BRECHA
Suzana Garcia

Julio prontamente abriu a porta e com largo sorrido a fez entrar. Ela, sorriu como só as virgens sorriem, escondendo-se atrás dos livros.Sorriso incógnito.

Mais uma aula. Uma hora de puro sonho. Eu ficava escondido atrás da porta e observava atentamente cada gesto daquela mulher que para meus olhos, ainda era a mesma menina. Tímida, escondia seus olhos azuis atrás das lentes. Seu cabelo claro e luminoso, como o sol ao entardecer de primavera, sempre em rabo de cavalo. Por vezes, imaginava-o soltos e ao vento. Observa como ficava rubra ao ser chamada a atenção por Julio. Rapidamente voltava à página anterior e dedilhava a mesma seqüência. Chopin, Bach...

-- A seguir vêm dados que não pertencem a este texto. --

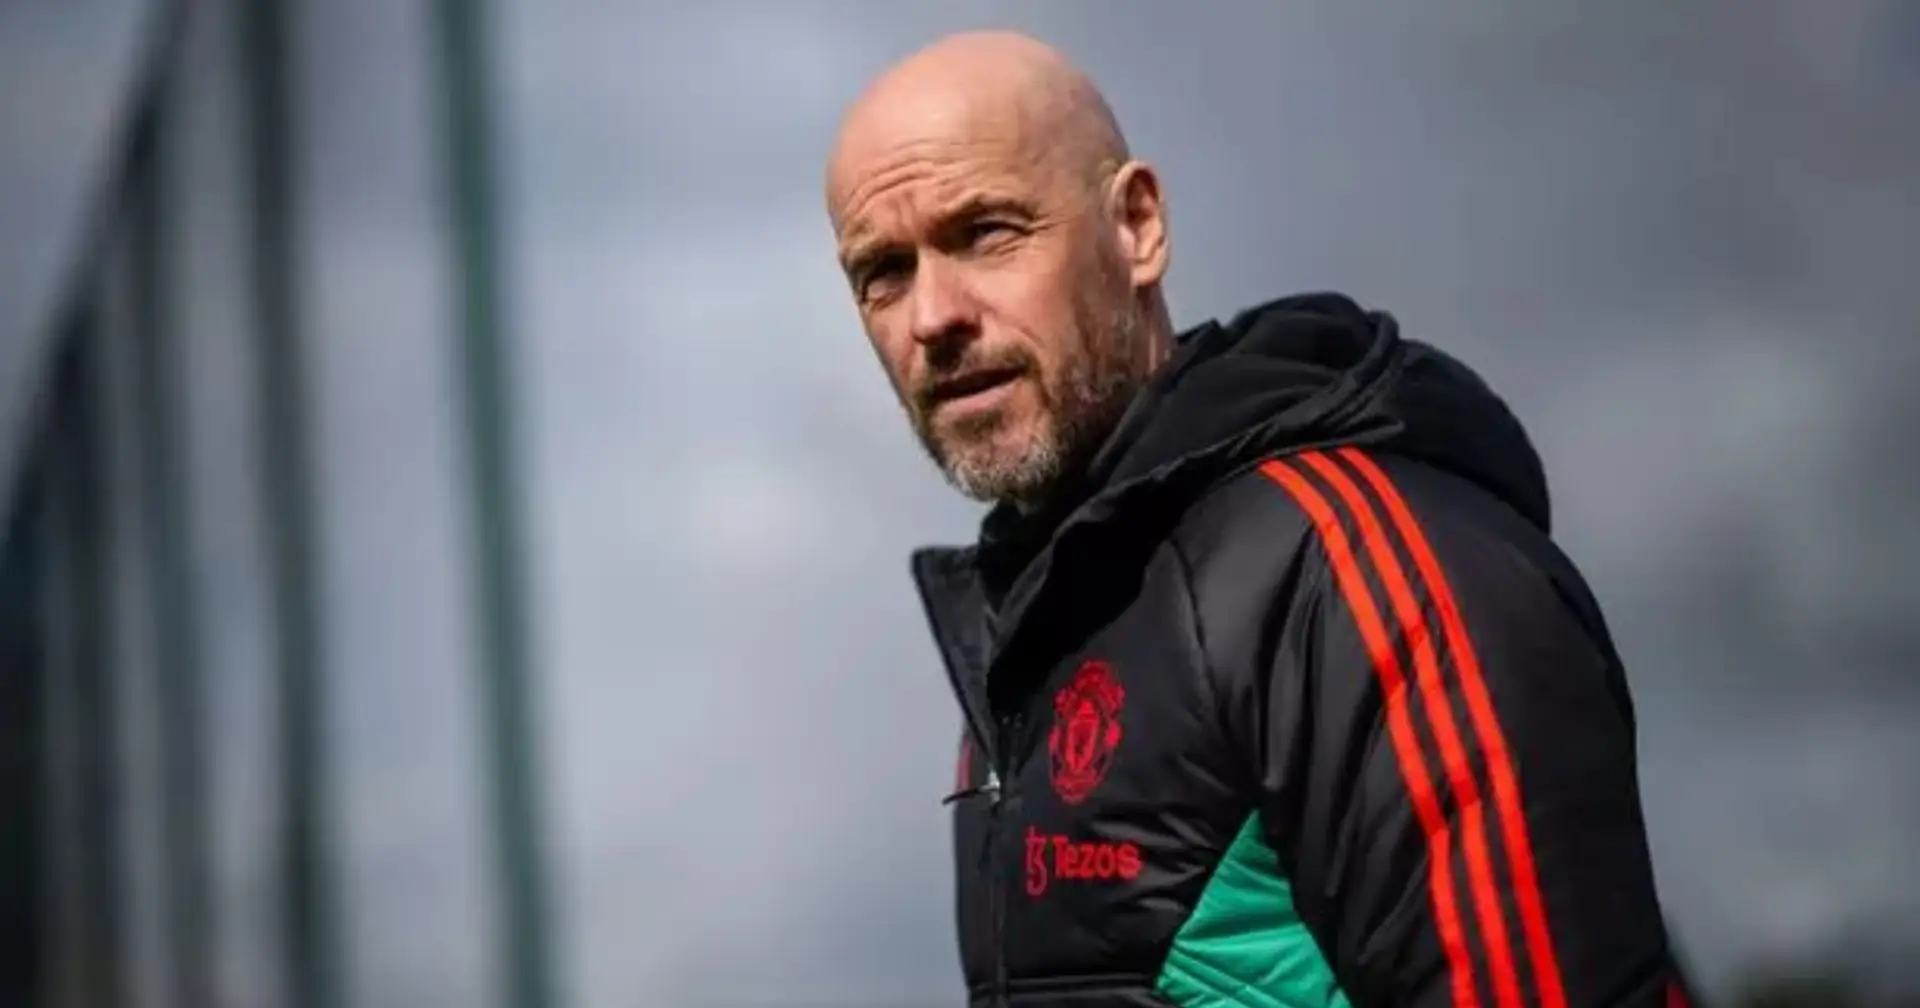 'You don't know the challanges until you're in it': Ten Hag asked if he regrets coming to Man United

Seus dedos longos me faziam pensar como seriam seus carinhos. Seus caminhos. Seus sonhos. Maestrina, este era seu desejo. Um ano e sete meses, tempo em que três vezes na semana eu tinha torcicolo. Não era nada fácil enxergar pela fresta da porta.

E no dia seguinte Julio me dizia:

- Vá a um médico, não é normal ter tanto torcicolo!

Se ele viesse, a saber, de minha paixão, escondida entre as partituras, certamente me despediria!

Nas viagens de Julio, em eventos "másteres" nos municipais de todo o país, eu ficava horas e horas compondo pra Helena. E meu amor era tanto, que certamente migalhas de paixão seriam descobertas entre o teclado.

Sempre tive medo de ser descoberto, mais ainda por ela. Afinal o que pensaria de alguém que a observava as ocultas? Não é certo! É fato! Por isso eu sonhava. Sonhava que lhe ministrava aulas. Tocávamos a quatro mãos. Ríamos juntos. Chorávamos juntos. Sonhei e amei. Até Julio ter feito o convite para alguns recitais a título experimental. Jamais esquecerei o brilho dos olhos de Helena.

E hoje, ainda atrás da porta vejo-a novamente. Linda, com a mesma luz no olhar e uma gravidez indesejada.

Quem me dera, ter tido coragem de passar pela fresta!